Parsing single page applications is super simple, just specify PageType.Dynamic

scraper = new Scraper()
    .WithLogger(logger)
    .WithStartUrl("https://rutracker.org/forum/index.php?c=33", PageType.Dynamic)
    .FollowLinks("#cf-33 .forumlink>a", PageType.Dynamic)
    .FollowLinks(".forumlink>a", PageType.Dynamic)
    .FollowLinks("a.torTopic", ".pg", PageType.Dynamic)
    .Parse(new Schema {
	new("name", "#topic-title"),
        new("category", "td.nav.t-breadcrumb-top.w100.pad_2>a:nth-child(3)"),
        new("subcategory", "td.nav.t-breadcrumb-top.w100.pad_2>a:nth-child(5)"),
        new("torrentSize", "div.attach_link.guest>ul>li:nth-child(2)"),
        new Url("torrentLink", ".magnet-link"),
	new Image("coverImageUrl", ".postImg")
     })
    .WriteToJsonFile("result.json")
    .WriteToCsvFile("result.csv")
    .IgnoreUrls(blackList);

Additionaly, you can run any JavaScript on dynamic pages as they are loaded with headless browser.
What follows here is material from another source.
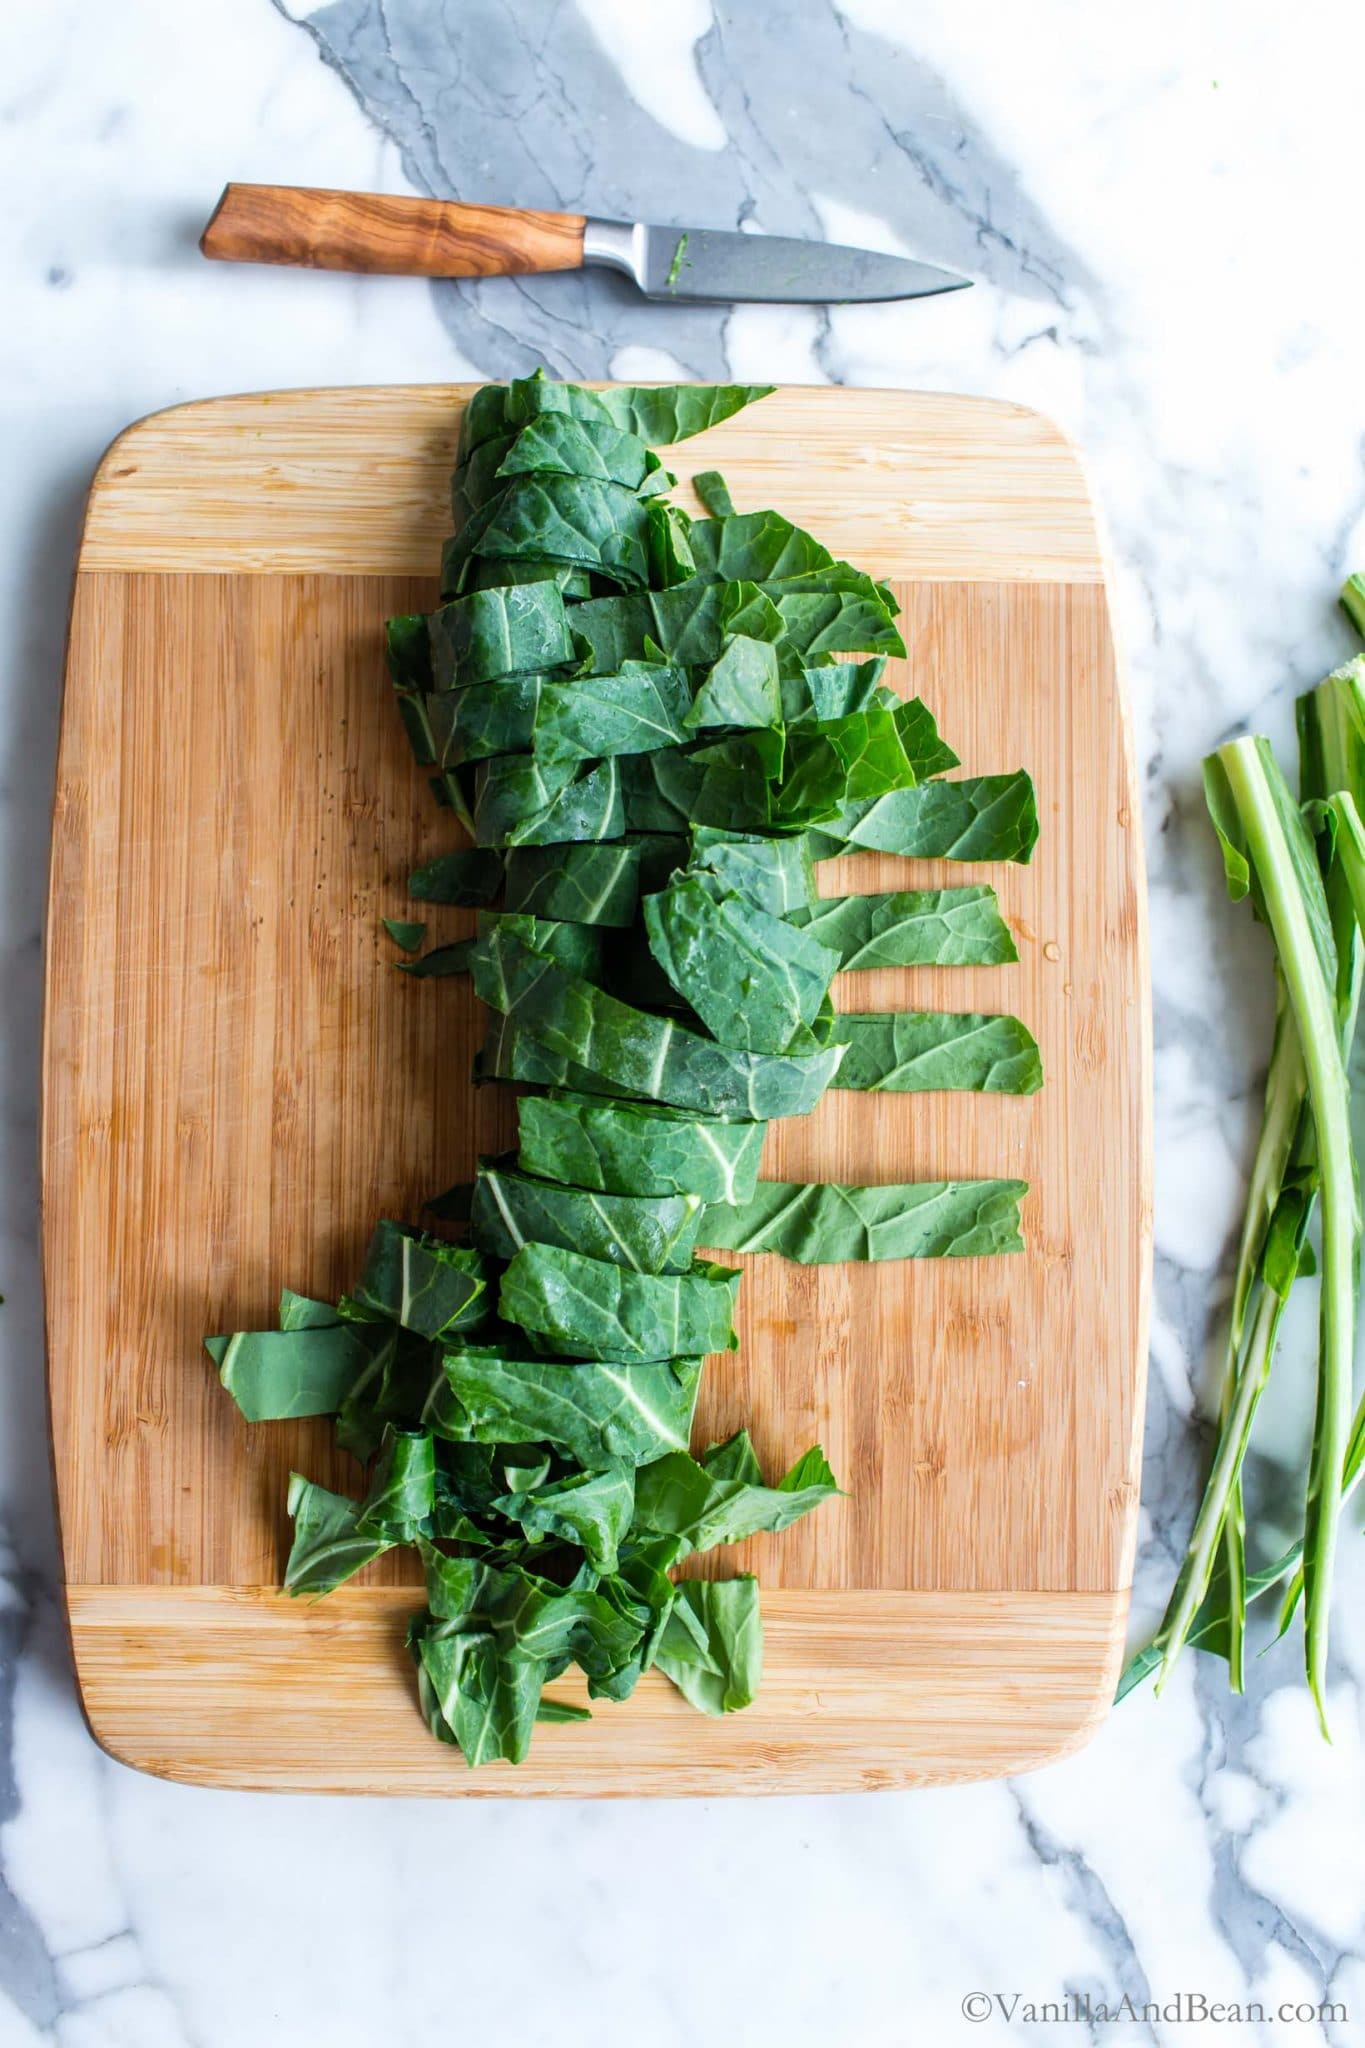 Cutting the collard greens into ribbons on a cutting board.
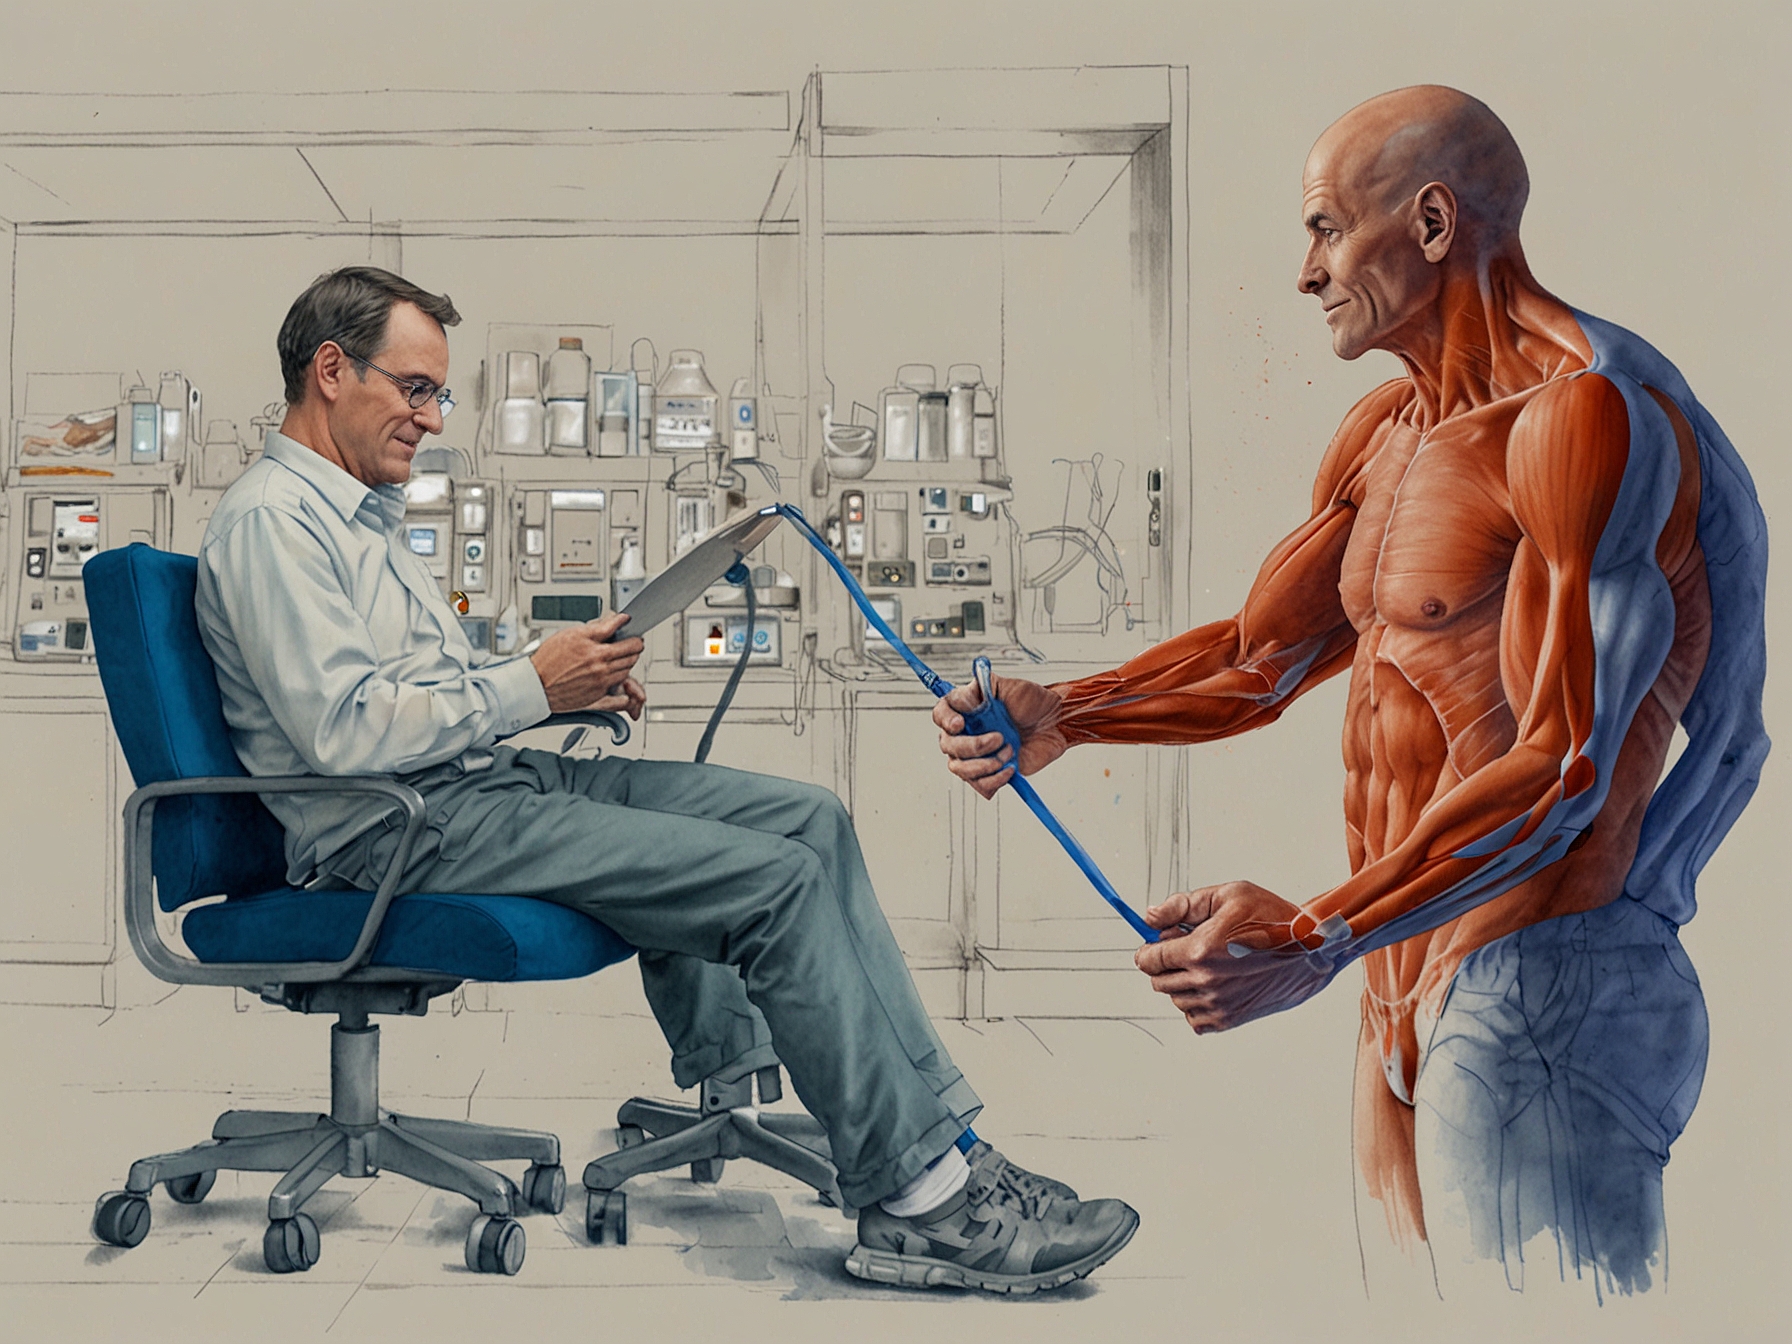 An illustration of Duchenne muscular dystrophy (DMD) exon-skipping therapy process, demonstrating how Sarepta's treatments aim to produce essential dystrophin protein for muscle function.

In order to do that you need to pass the third parameter:

.WithStartUrl("https://rutracker.org/forum/index.php?c=33", PageType.Dynamic, "alert('startPage')")
.FollowLinks("#cf-33 .forumlink>a", PageType.Dynamic, "alert('first level page')")
.FollowLinks(".forumlink>a", PageType.Dynamic, "alert('first second level page')")
.FollowLinks("a.torTopic", ".pg", PageType.Dynamic, "alert('third level page')")

It can be helpful if the required content is loaded only after some user interactions such as clicks, scrolls, etc.

Authorization

If you need to pass authorization before parsing the web site, you can call Authorize method on Scraper that has to return CookieContainer with all cookies required for authorization. You are responsible for performing the login operation with your credentials, the Scraper only uses the cookies that you provide.

scraper = new Scraper()
    .WithLogger(logger)
    .WithStartUrl("https://rutracker.org/forum/index.php?c=33")
    .Authorize(() =>
    {
        var container = new CookieContainer();
        container.Add(new Cookie("AuthToken", "123");
        return container;
    })

Distributed web scraping with Serverless approach

In the Examples folder you can find the project called WebReaper.AzureFuncs. It demonstrates the use of WebReaper with Azure Functions. It consists of two serverless functions:

StartScrapting

First of all, this function uses ScraperConfigBuilder to build the scraper configuration e. g.:

var config = new ScraperConfigBuilder()
    .WithLogger(_logger)
    .WithStartUrl("https://rutracker.org/forum/index.php?c=33")
    .FollowLinks("#cf-33 .forumlink>a")
    .FollowLinks(".forumlink>a")
    .FollowLinks("a.torTopic", ".pg")
    .WithScheme(new Schema
    {
        new("name", "#topic-title"),
        new("category", "td.nav.t-breadcrumb-top.w100.pad_2>a:nth-child(3)"),
        new("subcategory", "td.nav.t-breadcrumb-top.w100.pad_2>a:nth-child(5)"),
        new("torrentSize", "div.attach_link.guest>ul>li:nth-child(2)"),
        new Url("torrentLink", ".magnet-link"),
        new Image("coverImageUrl", ".postImg")
    })
    .Build();

Secondly, this function writes the first web scraping job with startUrl to the Azure Service Bus queue:

var jobQueueWriter = new AzureJobQueueWriter("connectionString", "jobqueue");

await jobQueueWriter.WriteAsync(new Job(
config.ParsingScheme!,
config.BaseUrl,
config.StartUrl!,
ImmutableQueue.Create(config.LinkPathSelectors.ToArray()),
DepthLevel: 0));

WebReaperSpider

This Azure function is triggered by messages sent to the Azure Service Bus queue. Messages represent web scraping job.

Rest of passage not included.